The main objective of the role as a Translational Research & cGMP Manufacturing Associate is to acquire practical knowledge by participating in the production/manufacturing of clinical cell therapy treatments and research and development (R&D) projects, which includes contributing to intricate, specialized, and time-critical testing procedures.
Utilize all accessible resources to attain the department's objectives.
Hold oneself accountable for outcomes and take charge of decisions rendered.
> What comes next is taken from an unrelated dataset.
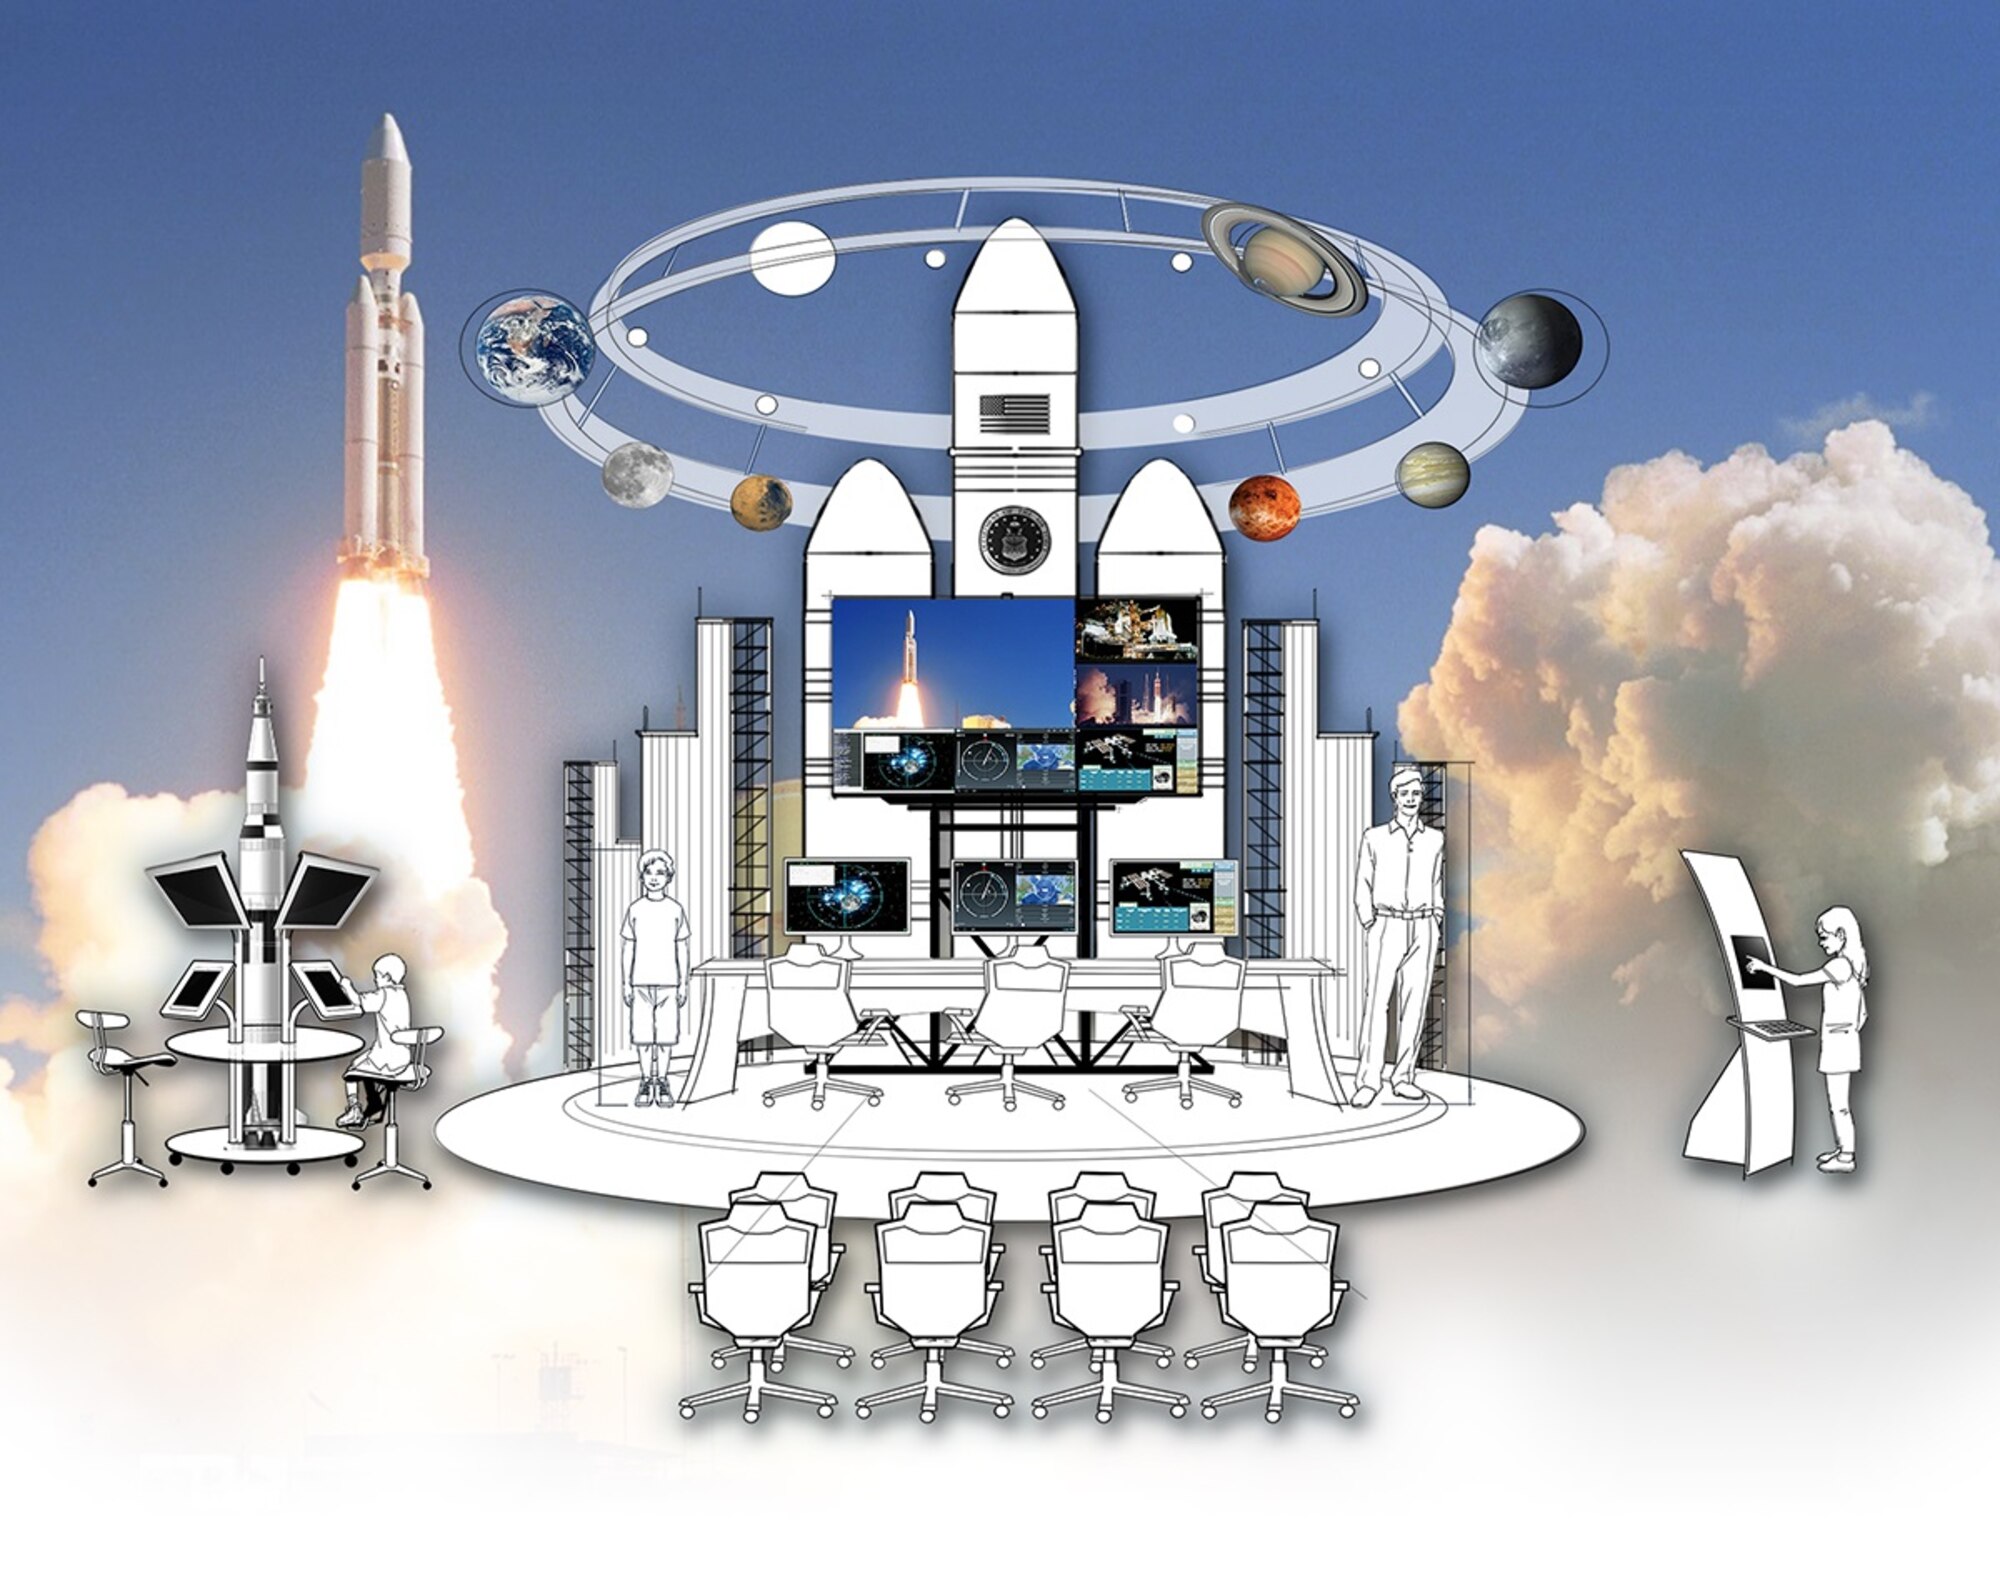 A rendering of the future Vandenberg Launch Exhibit that will be installed at the Santa Maria Valley Discovery Museum in 2017. The exhibit is part of an Educational Partnership Agreement between the museum and the 30th Space Wing at Vandenberg Air Force Base, California. (Courtesy photo / 30th Space Wing)

Demonstrate the ability to consistently adhere to manufacturing batch records, work instructions, and/or standard operating procedures (SOPs) on a daily basis, emphasizing proactive and accurate initial executions.
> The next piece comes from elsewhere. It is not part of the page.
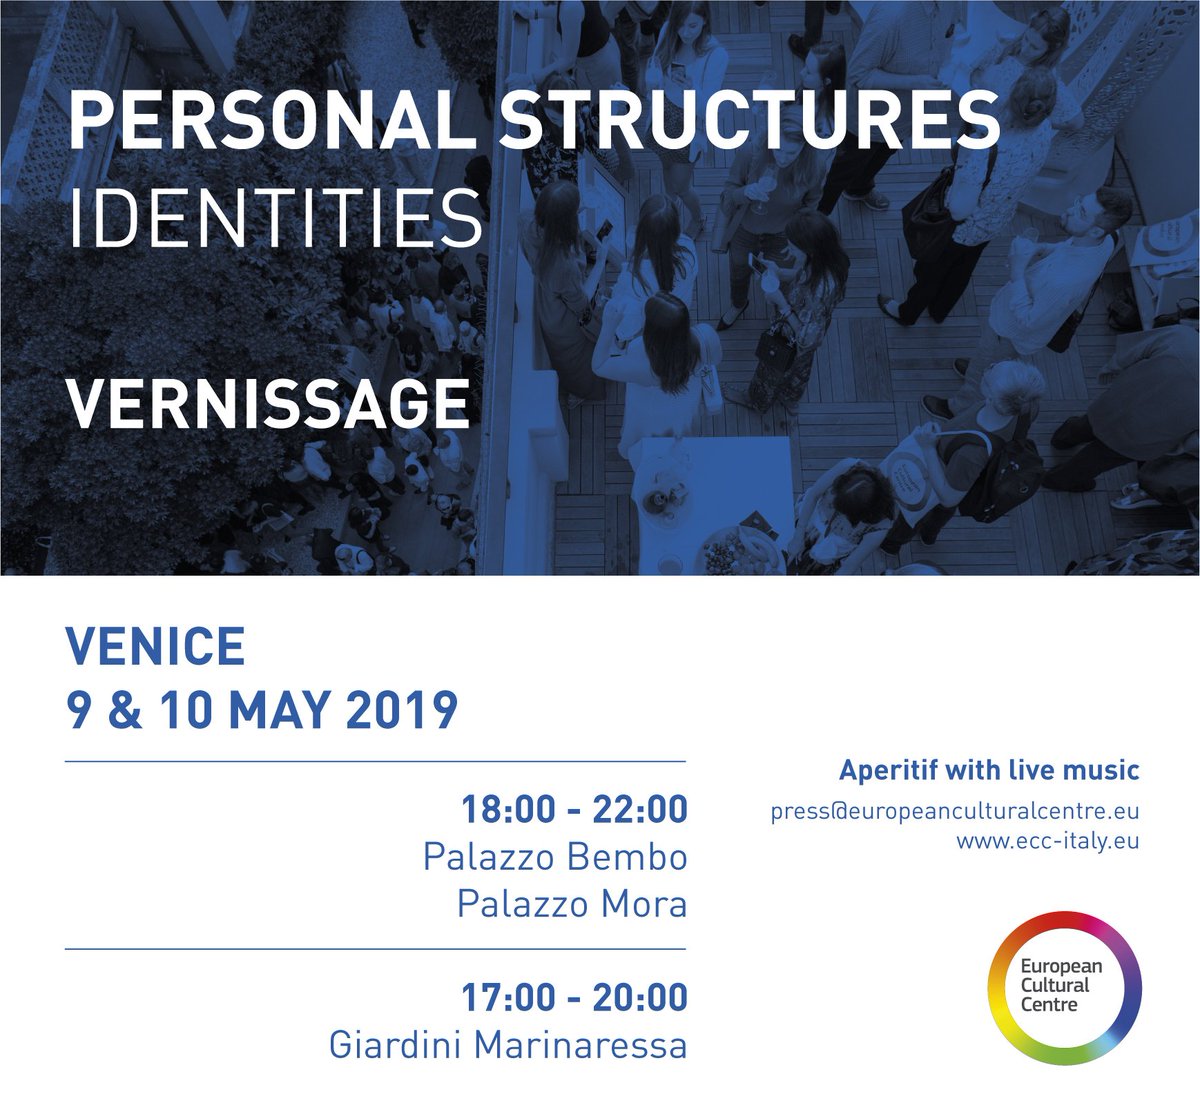 it's official ! thrilled and looking forward to the opening of 'Personal Structures' as part of the Venice Biennale from 11th-24th November 2019. Can't wait to see my work up in Palazzo Bembo. @art_consult #artcollectors #contemporaryart #artconsultants

Aid in the completion of batch records and associated documentation.
Carry out all manufacturing tasks within a controlled environment (ISO 7 clean room and biological safety cabinet) while adhering to specialized sterile gowning protocols. This may require extended periods of work in a cleanroom environment based on production demands.
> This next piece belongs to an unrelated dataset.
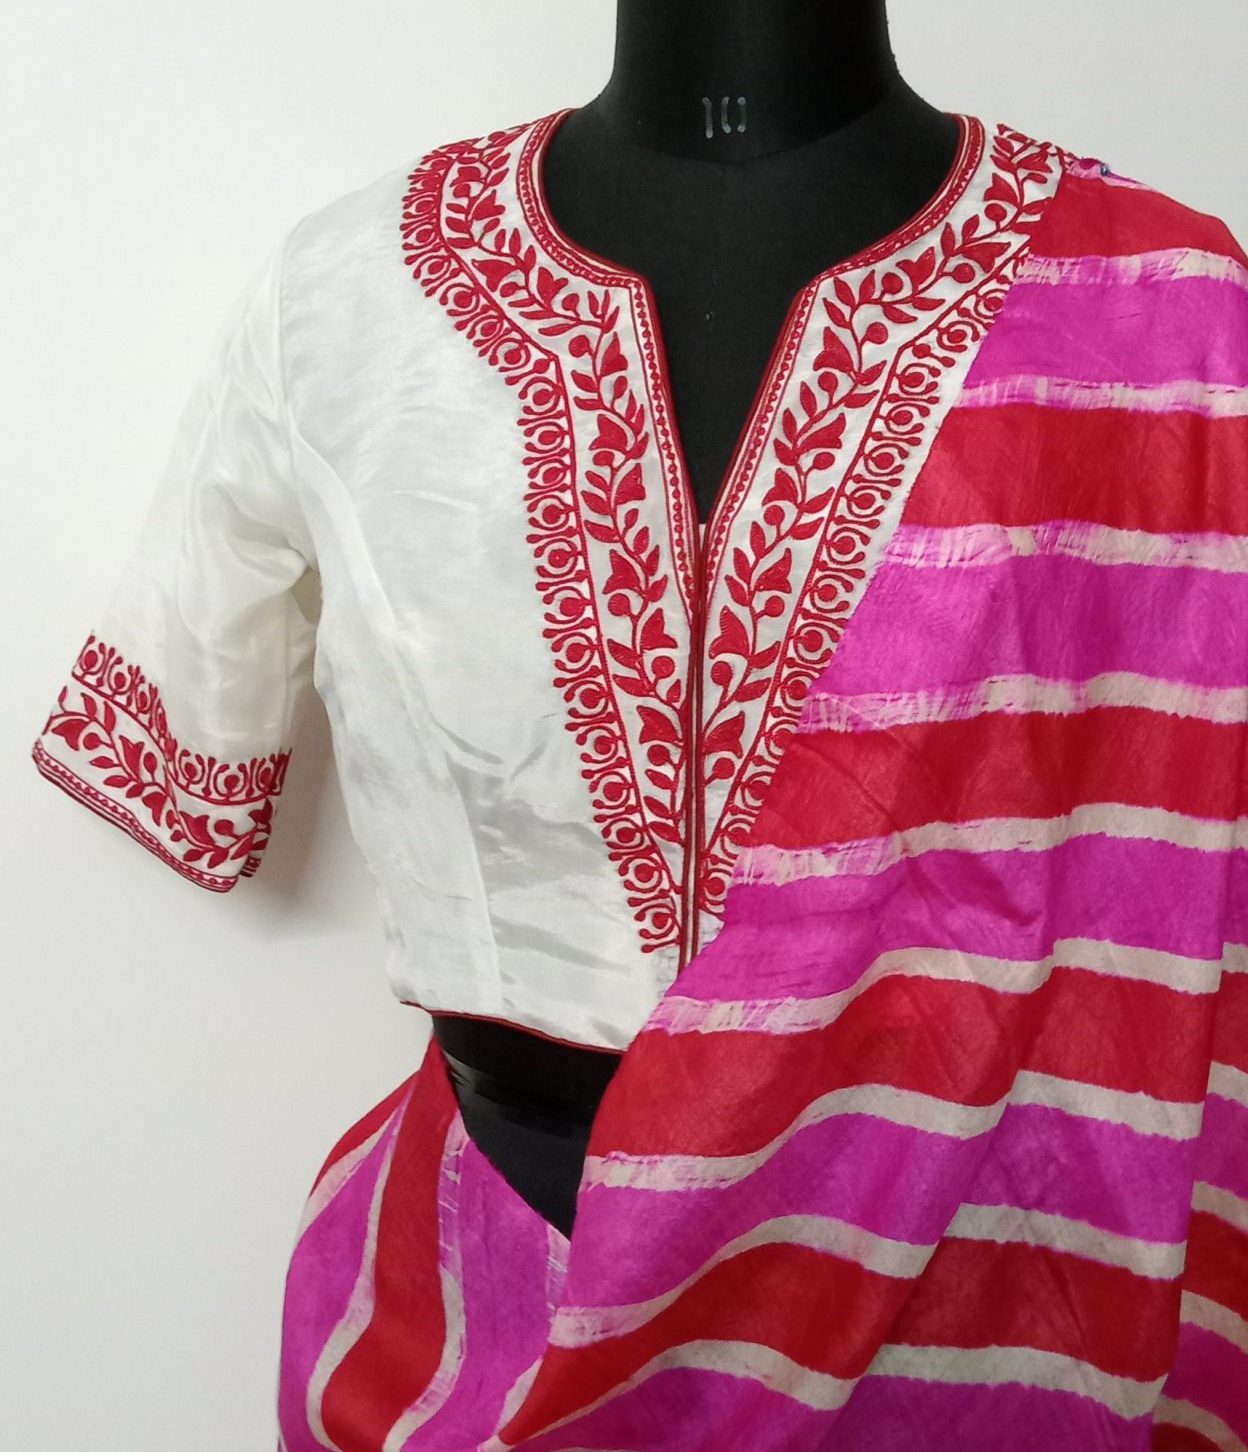 white blouse with red embroidery

Conduct cell therapy manufacturing and cell processing tasks using closed systems, maintaining aseptic techniques throughout the processing to guarantee the utmost quality, viability, and sterility of the cellular product until release.
Collaborate as a team member to fulfill all essential Good Manufacturing Practice (GMP) responsibilities for cell manufacturing with precision and promptness.
Accurately perform calculations of cell concentrations, cell and media dilutions, and cell viability throughout the entire cell manufacturing/R&D process workflow without errors.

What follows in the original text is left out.